I knew I shouldn’t be out late at night. But now I felt like tempting fate, or perhaps making it, and I felt as if it didn’t matter. I could win any fight I got into.
Yes, I know that’s a fast way to get shot, but it also proved to be a good way to avoid being molested. As strange as it might sound, people generally don’t mess with you if you look like you’re ready to beat them up. Confidence goes a long way. And I felt it, in a way I hadn’t before.
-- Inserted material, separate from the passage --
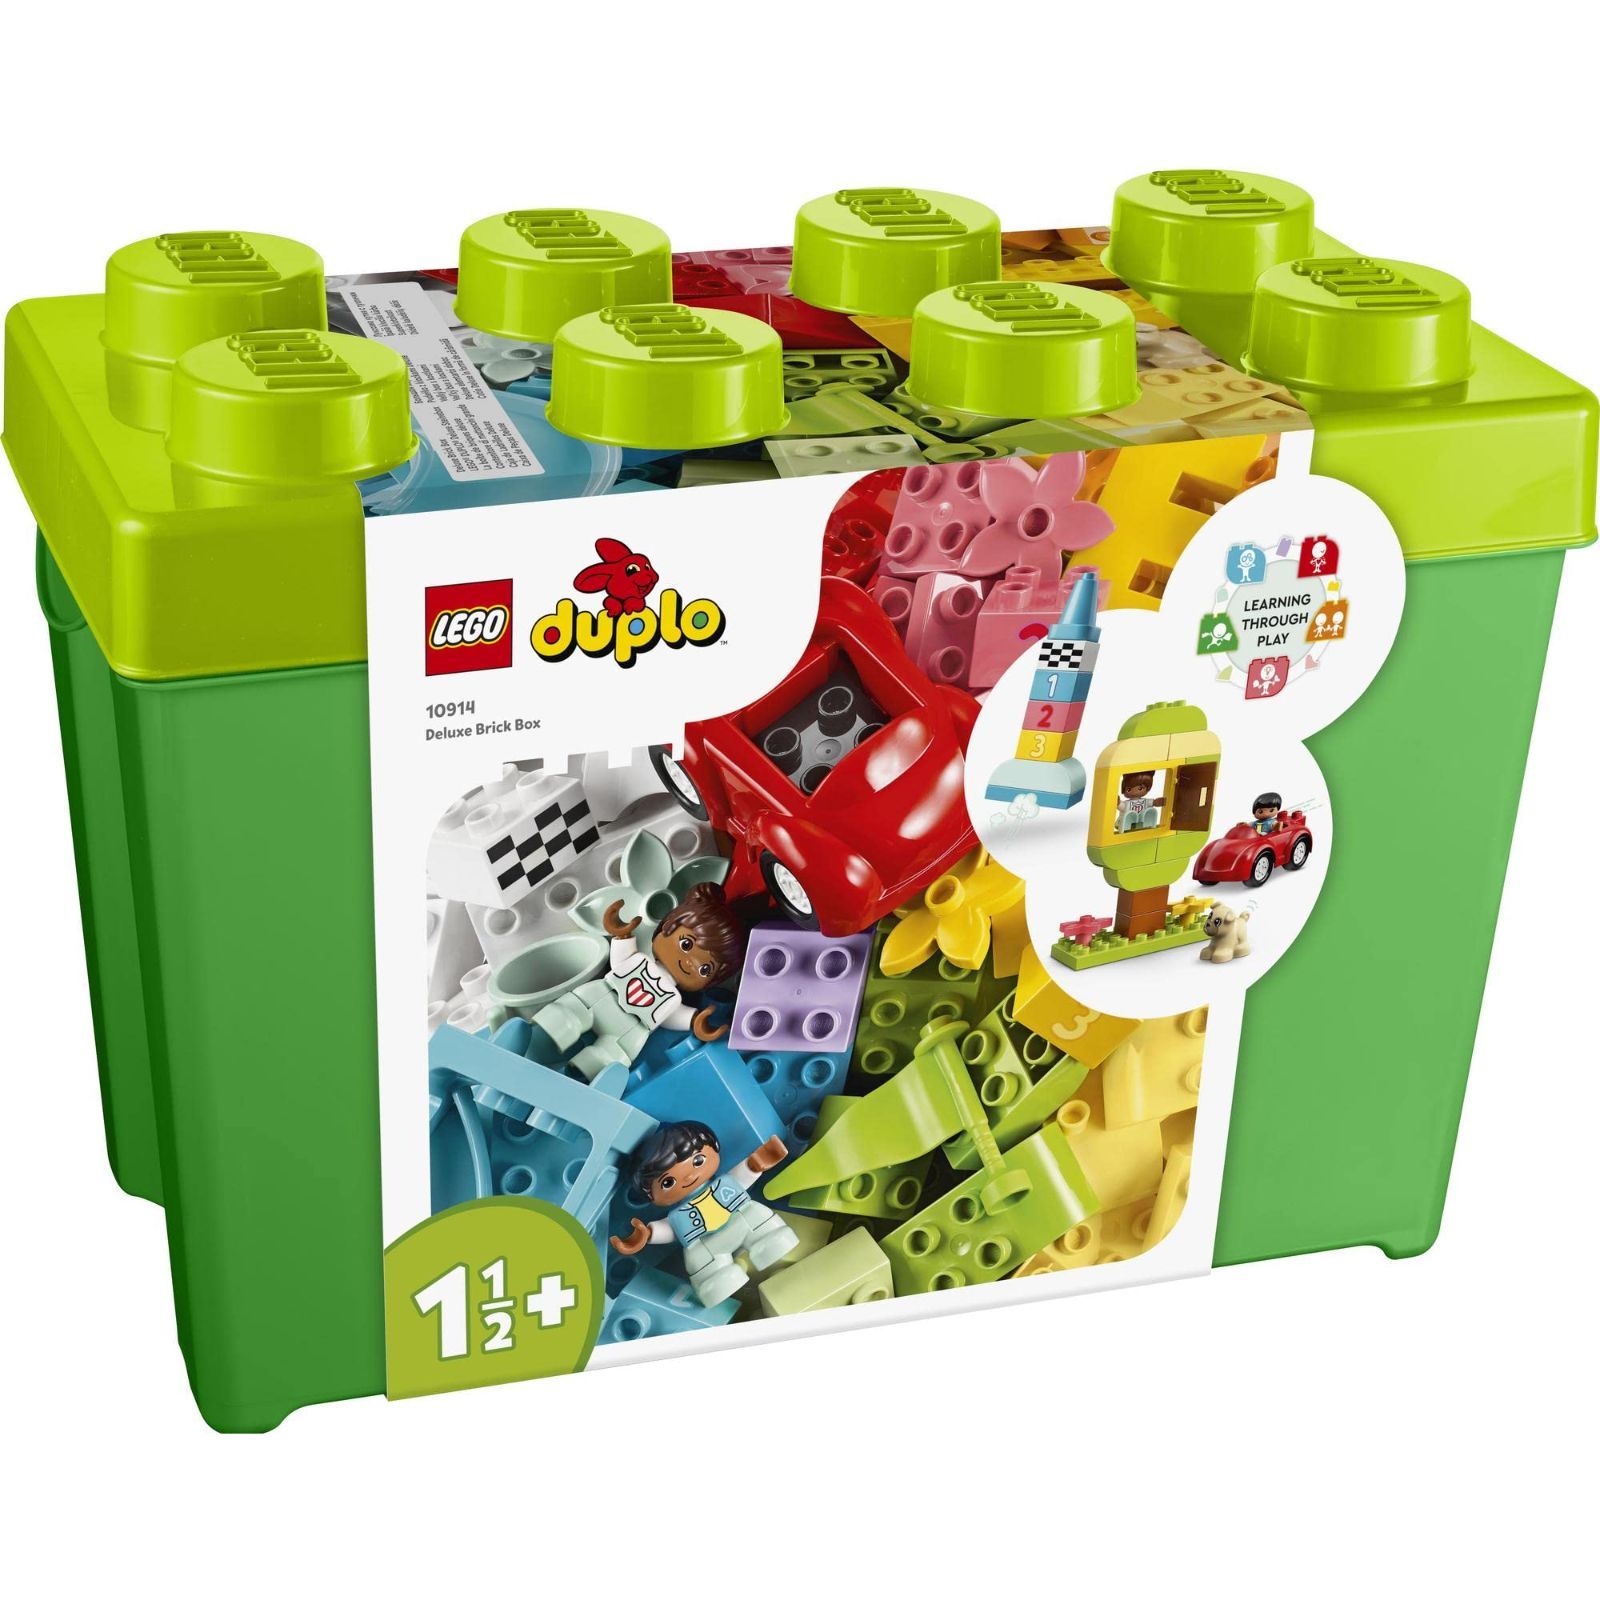 【人気商品】1歳半 レゴブロック ギフト プレゼント 誕生日 玩具 知育 幼児 赤ちゃん 子供 3歳 ~ 2歳 女の子 男の子 10914 スーパーデラックス デュプロのコンテナ 知育玩具 おもちゃ デュプロ (LEGO) レゴ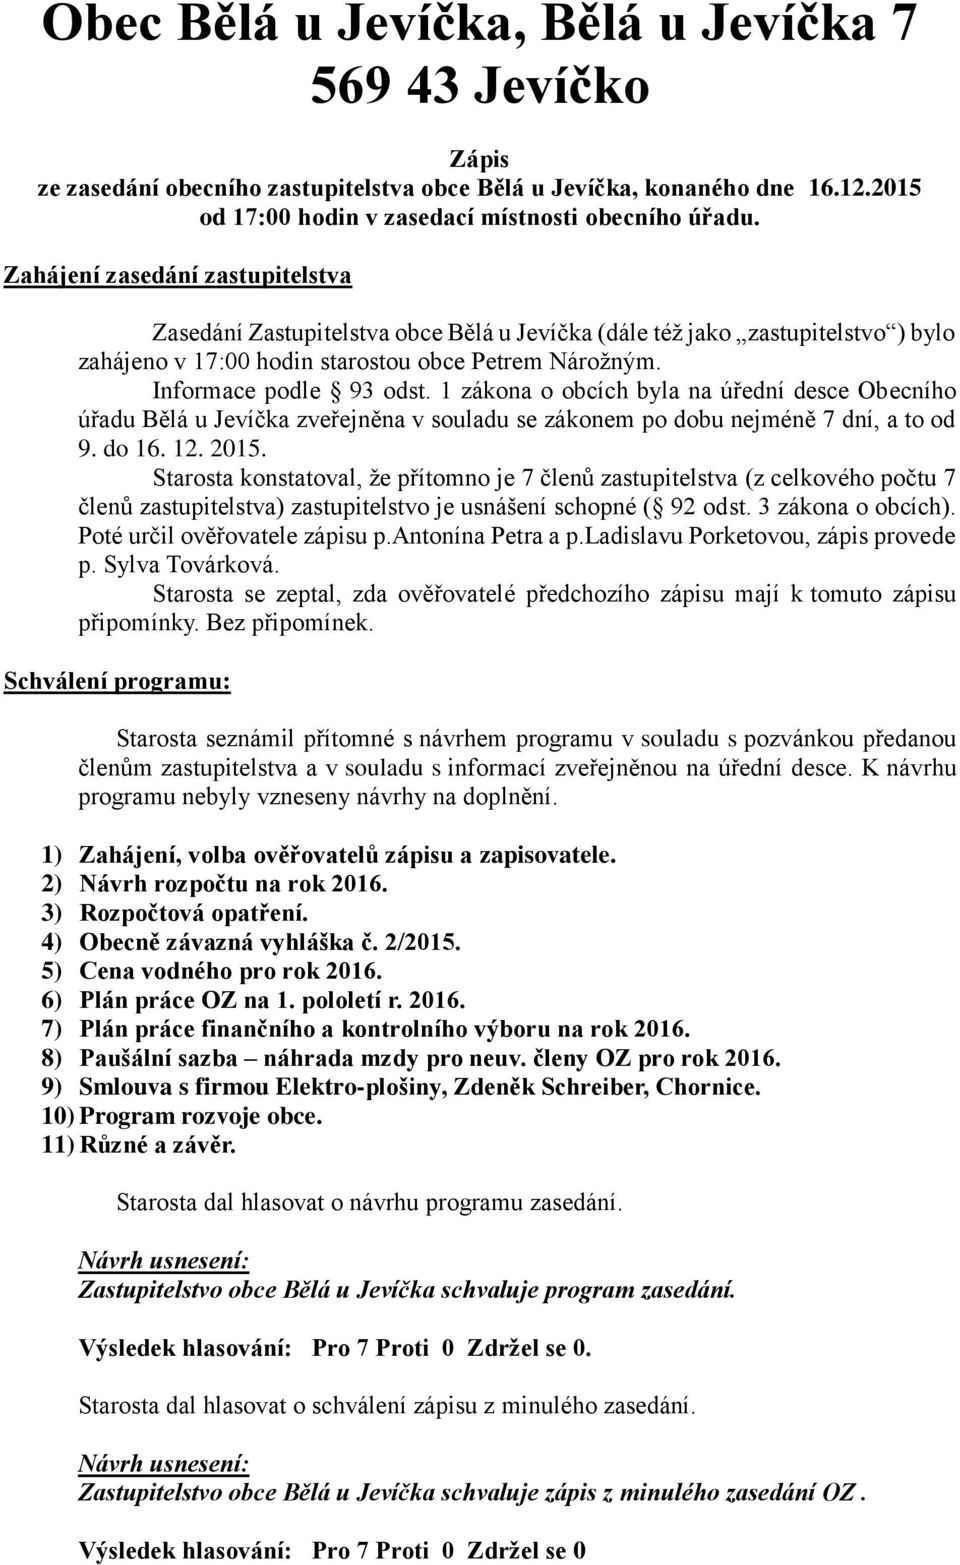 1 zákona o obcích byla na úřední desce Obecního úřadu Bělá u Jevíčka zveřejněna v souladu se zákonem po dobu nejméně 7 dní, a to od 9. do 16. 12. 2015.

You might wonder how I’d gone six months without knowing I could fight? I’d been smart enough not to get into any. Until now, and now I was looking for them. Looking for ways to explore exactly what I could do. I stopped outside the pawn shop again, wondering how that ceremonial sword would feel in my hands.
Nah. Nobody used swords these days. I’d just gone to a lot of self defense classes. But I knew in my heart that wasn’t it.
The horn. It was there again, then gone, but I knew now it was just…something to distract me. Maybe something intentionally to drive me crazy, not in the literal mental insanity sense, but in the sense of making me not think straight, want to hurt things. If that was the case, it had succeeded. I sure as heck wanted to hurt things. And didn’t particularly care if they hurt me back.
Tyr’s rune.
Justice. I toyed with the idea of being a vigilante for a moment, but this was the real world. People who tried that kind of thing usually got yelled at by the cops at best, arrested at worst. There were a few who’d gained a sort of local notoriety and were tolerated.
Reals, they called them. Real superheroes. And I toyed with it, because it would be more productive than wandering through Northeast at night half hoping somebody would try to mug me.
Somebody had tried to kill me. That meant I was important in some way I couldn’t remember. Somebody would try again, and I knew who I needed to talk to.
Somebody who might know how to deal with Mr. Otter.